Open AlexCHENSiyu opened 5 months ago
ok, probably I find the reason. BTW , this part should be written like this: add ['arr_0'] to it. otherwise cannot run.
I had this when I did not clamp styled image: https://github.com/ivanstepanovftw/artistic-style-transfer-for-videos/blob/b42b79d17fd1b72917b55100182c6f5f3d097d92/main_video_join.py#L57 Similar as it is performed in the closure: https://github.com/ivanstepanovftw/artistic-style-transfer-for-videos/blob/b42b79d17fd1b72917b55100182c6f5f3d097d92/main_video.py#L342 I actually thinking about adding loss for out of bounds pixels, so the optimizer would not be focused on these pixels.
yes, right after I posted the issue, I found this mistake of mine. I read the paper carefully and I realize that long-term temporal consistency requires heavy-duty computation. It might be hard for me to achieve that.
BTW, do you know any comparative standard to measure the quality of style-transferred images between different pre-train model?
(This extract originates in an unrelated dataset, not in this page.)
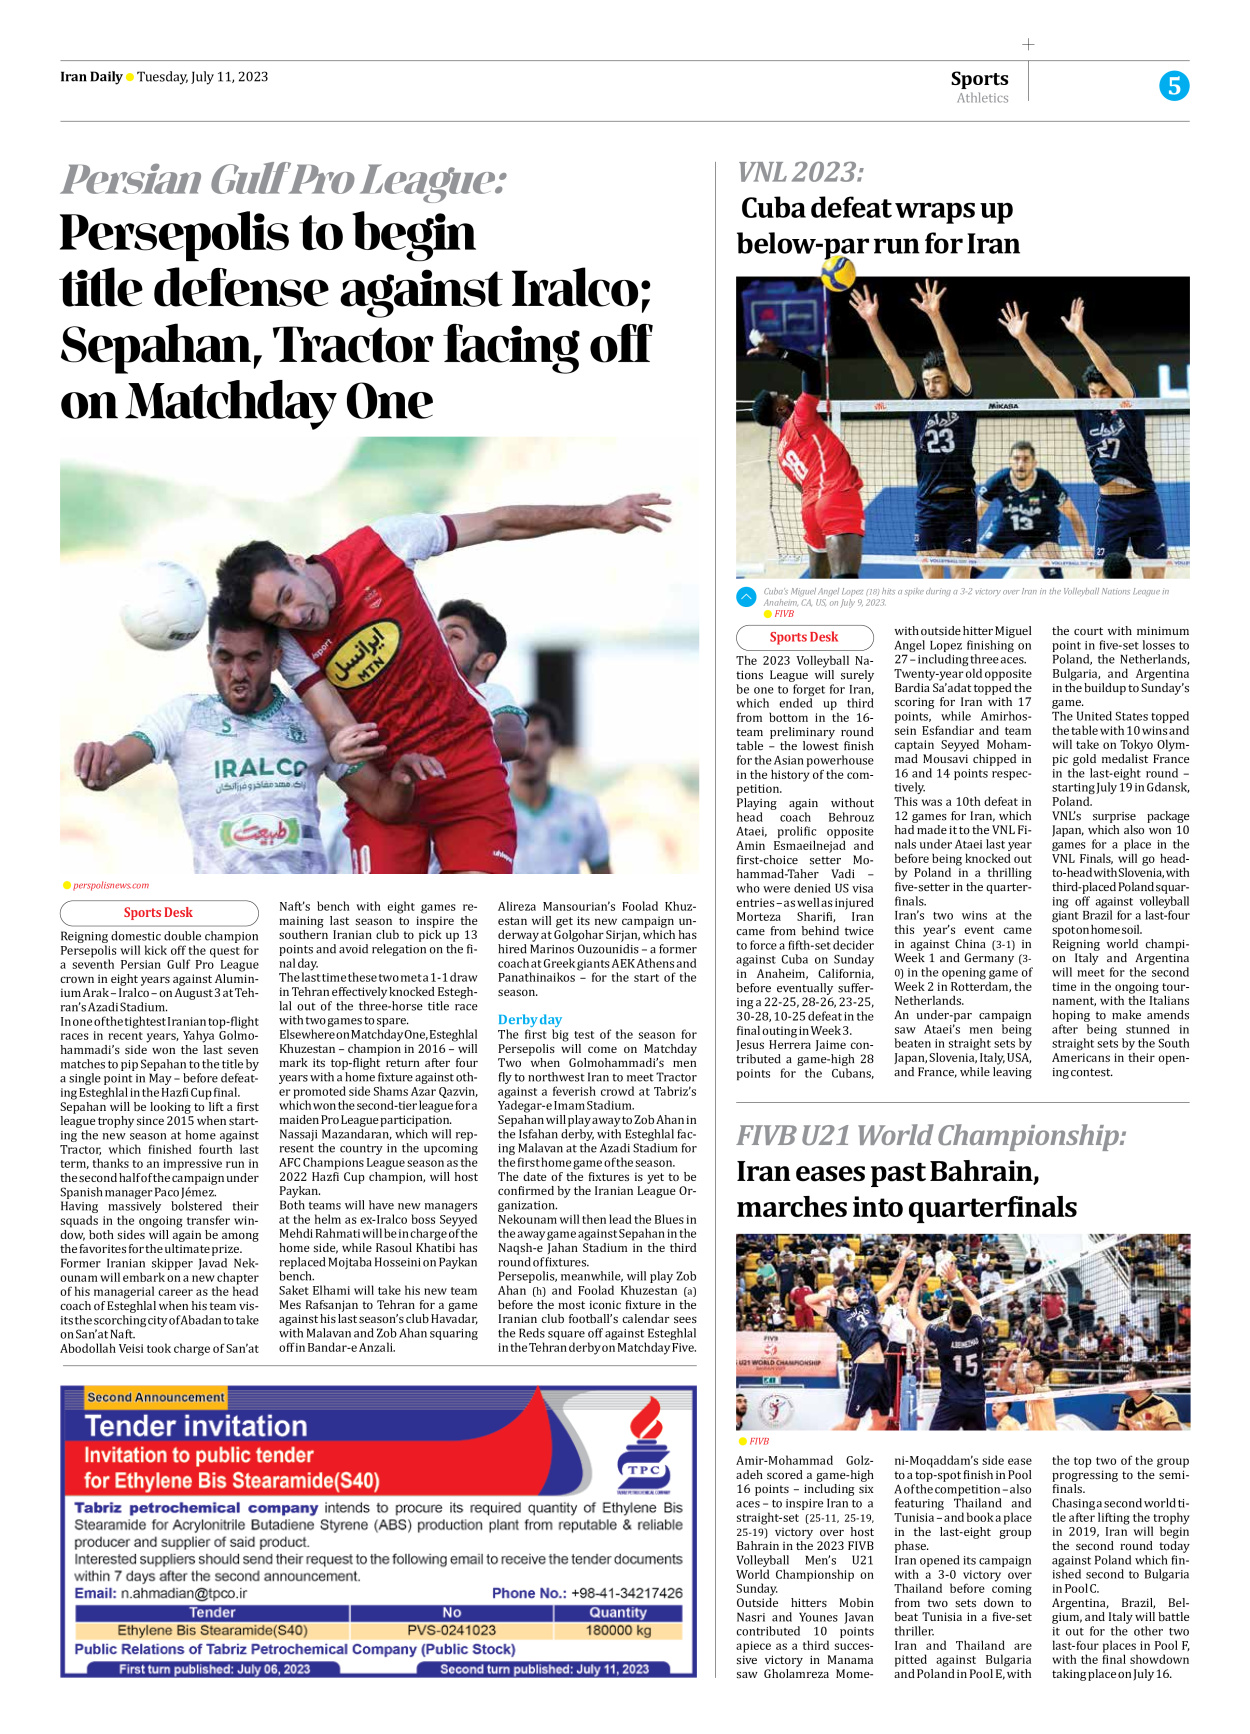 Iran Daily - Number Seven Thousand Three Hundred and Thirty Six - 11 July 2023 - Page 5

and any reason why you choose efficientnet-b0 as the best model
BTW, do you know any comparative standard to measure the quality of style-transferred images between different pre-train model?
Unfortunately, no.
and any reason why you choose efficientnet-b0 as the best model
I am not sure if it is best for style transfer. EfficientNet chosen as it is efficient, since I do not have local GPU.
Also, in the paper "CNN Filter DB: An Empirical Investigation of Trained Convolutional Filters" (arxiv:2203.15331v2), they say that "learned filters do not significantly differ across models trained for various tasks, except for extreme outliers such as GAN-Discriminators."
I can get this good output yesterday. but today when I ran it again, I get this strange output:
Have you ever encountered this problem before? Or you can give me some suggestions?